- The paper presents a lightweight drowsiness detection model that compresses a heavy baseline into a 100KB solution for Android systems.
- It employs a Multilayer Perceptron with facial landmark analysis extracted from video frames to achieve an accuracy rate of approximately 81%.
- The study highlights real-time performance and reduced computational demands, facilitating practical integration into cost-effective embedded applications.
Real-time Driver Drowsiness Detection Utilizing Lightweight Deep Learning Models on Android Systems
This paper presents a method for real-time driver drowsiness detection using deep neural network techniques suitable for deployment within Android applications. The authors propose a solution aimed at enhancing the accessibility and practicality of drowsiness detection systems, which are traditionally limited by hardware requirements and are often available only in luxury vehicles. The paper leverages advancements in deep learning and mobile technology to provide a system that is broadly applicable, cost-effective, and able to mitigate one of the leading causes of road accidents globally.
Methodology Overview
The research utilizes a Multilayer Perceptron (MLP) classifier to detect facial landmarks and assess driver drowsiness. The core innovation within this paper is the compression of a heavyweight baseline model into a lightweight architecture.
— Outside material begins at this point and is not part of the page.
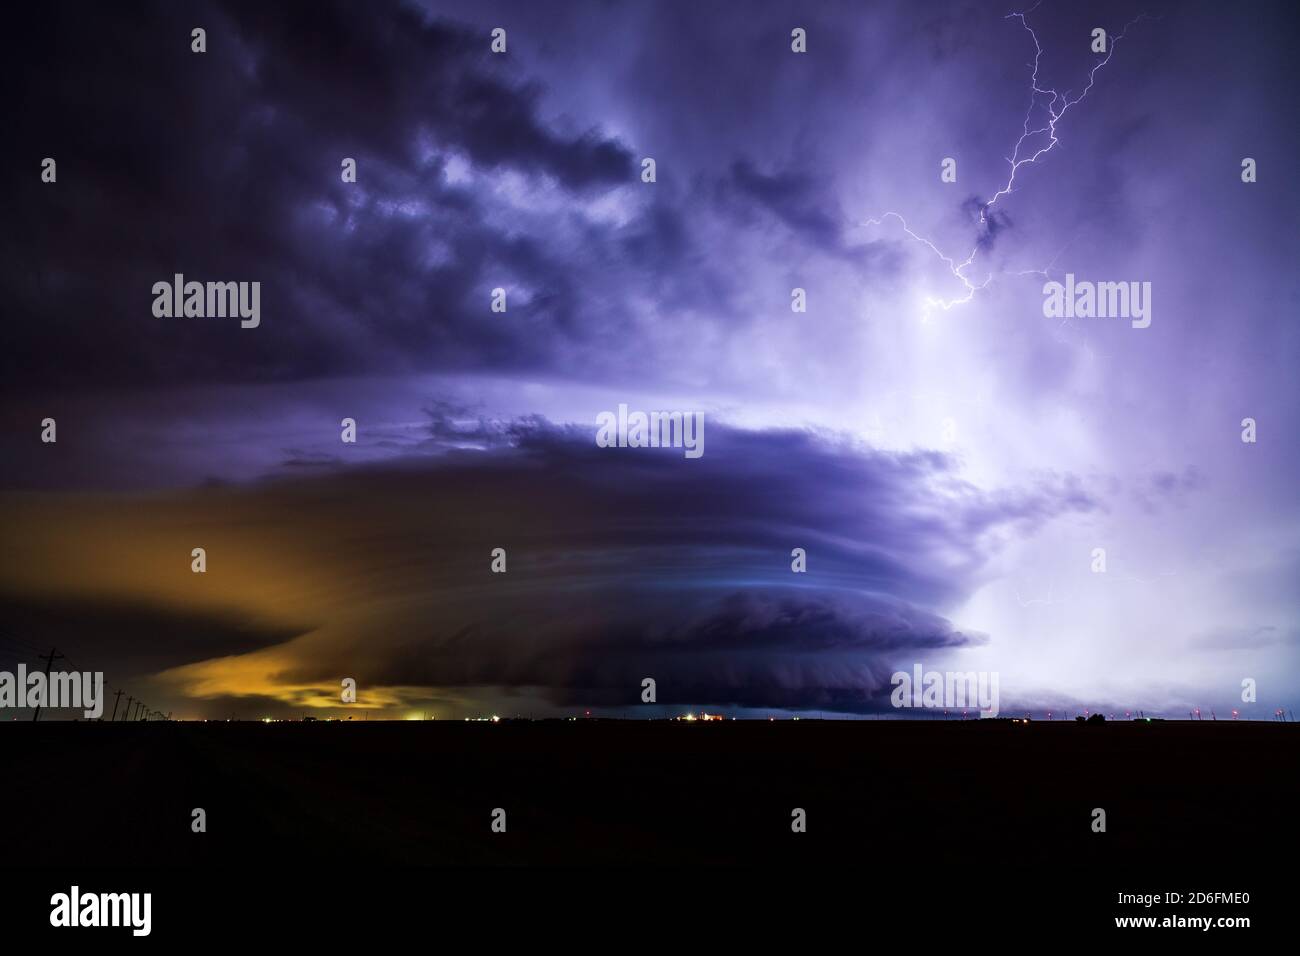 Lightning illuminates a supercell thunderstorm with dramatic storm clouds during a severe weather event over Dodge City, Kansas Stock Photo

This enables seamless integration into Android systems, which typically face limitations in computational power and storage capacity. The model achieves an accuracy rate of approximately 81%, demonstrating sufficient efficacy for practical applications.
The system is based on five consecutive stages, beginning with video extraction from the NTHU Driver Drowsiness Detection Dataset. Images are then generated from video frames, followed by facial landmark detection using the Dlib library. Model training is conducted with these landmarks to create a predictive system which identifies driver drowsiness through real-time analysis. The trained model is ultimately applied within an Android framework, ensuring responsiveness by alerting drivers both visually and audibly.
Data and Computational Findings
The experimental analysis incorporates 200 videos from the NTHU dataset, encompassing diverse driving scenarios with varying lighting conditions and eyewear. The accuracy rates were highest in scenarios without sunglasses, highlighting limitations in facial landmark detection under obstructed view conditions. Computational testing on conventional hardware further confirmed the model's efficiency, achieving execution times of 43 milliseconds with GTX 1080, characterizing an optimal blend of precision and computational speed.
Implications and Future Work
The lightweight model proposed is notably advantageous for embedded systems and represents a significant reduction in model size compared to conventional CNN-based models, which often require hundreds of megabytes of storage. The proposed solution occupies only 100 KB making it feasible for integration into large-scale production environments and mobile applications, thereby enhancing the practicality of driver-monitoring systems.
A future direction for this research could encompass further refinement for performance improvement by addressing distractions and yawning detection alongside current fatigue metrics. Enhancing model robustness under conditions of varying lighting and eyewear would also be beneficial for broadening application capabilities and improving accuracy rates.
While this paper contributes valuable insights into the deployment of deep learning models on mobile systems for driver safety, ongoing research is warranted to further reduce computational requirements and to increase detection precision, ensuring greater applicability across automotive platforms and widespread adoption.
The results herein are supported by funding from the Qatar National Research Fund, underscoring the potential regional and international impact of this paper in advancing public safety through innovative technological solutions.